Most of the series’ most memorable scenes — give or take a shrieking Renata — are the sparest ones. Think of the times when Celeste, bruised and quivering and defiant, sits across from a therapist (Robin Weigert) and desperately tries to avoid the truth about her abusive marriage. But she’s there for a reason; she knows it, and the wary therapist knows it. The two stare each other down as if daring the other to crack first, choosing their words and glances with such precision that they might as well be performing open-heart surgery.
In between the quippier dialogue, the series shows the women at their most pensive and vulnerable in wordless flashbacks: long car rides, stolen glances set to a meticulous soundtrack. When Jane sprints down gray beaches as the wind lashes her chapped face, she doesn’t have to speak her frustration; we feel it. When Celeste feels her husband approaching and starts to shake, she doesn’t need to scream to let us know she’s petrified. Even Madeline and Renata — the two characters most prone to scathing outbursts — express their unhappiness with longing looks and offhand scowls.
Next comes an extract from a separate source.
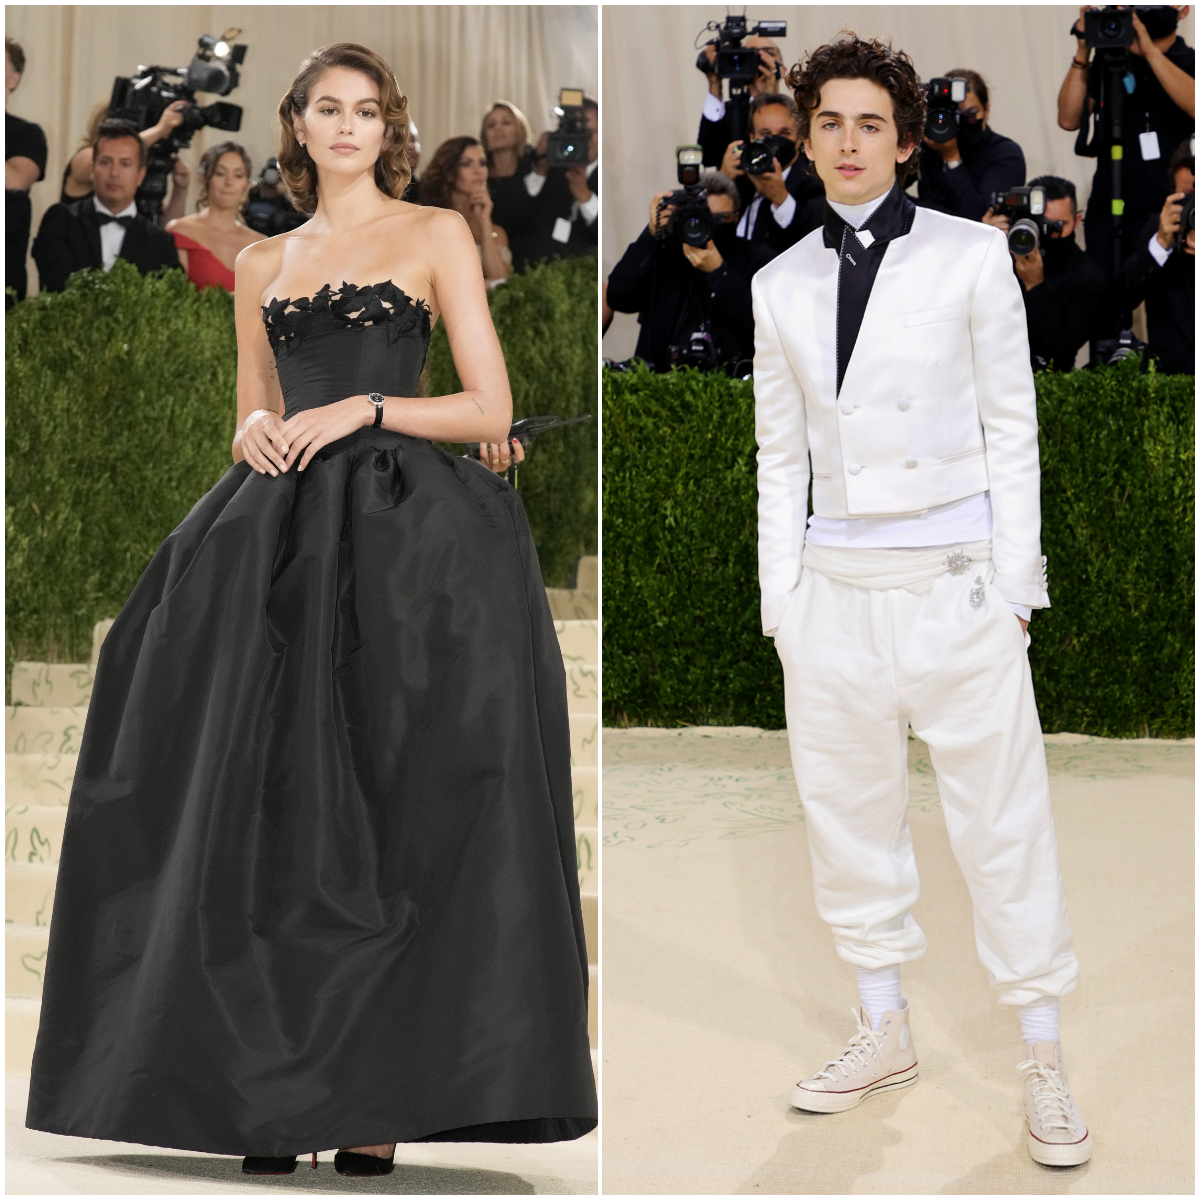 Hollywood Connection – Met Gala 2021

And as they all come to learn, finding out who the others are means looking past the basics of what they say.
The same holds true for the show itself. Instead of depending on its photogenic actors making meals out of the scenery, Big Little Lies revealed its luxurious trappings to be nothing more than a veneer concealing much uglier truths.
It’s like the detective said — or, more fittingly, implied: Sometimes, the best way to find the truth is to stop listening, and start watching.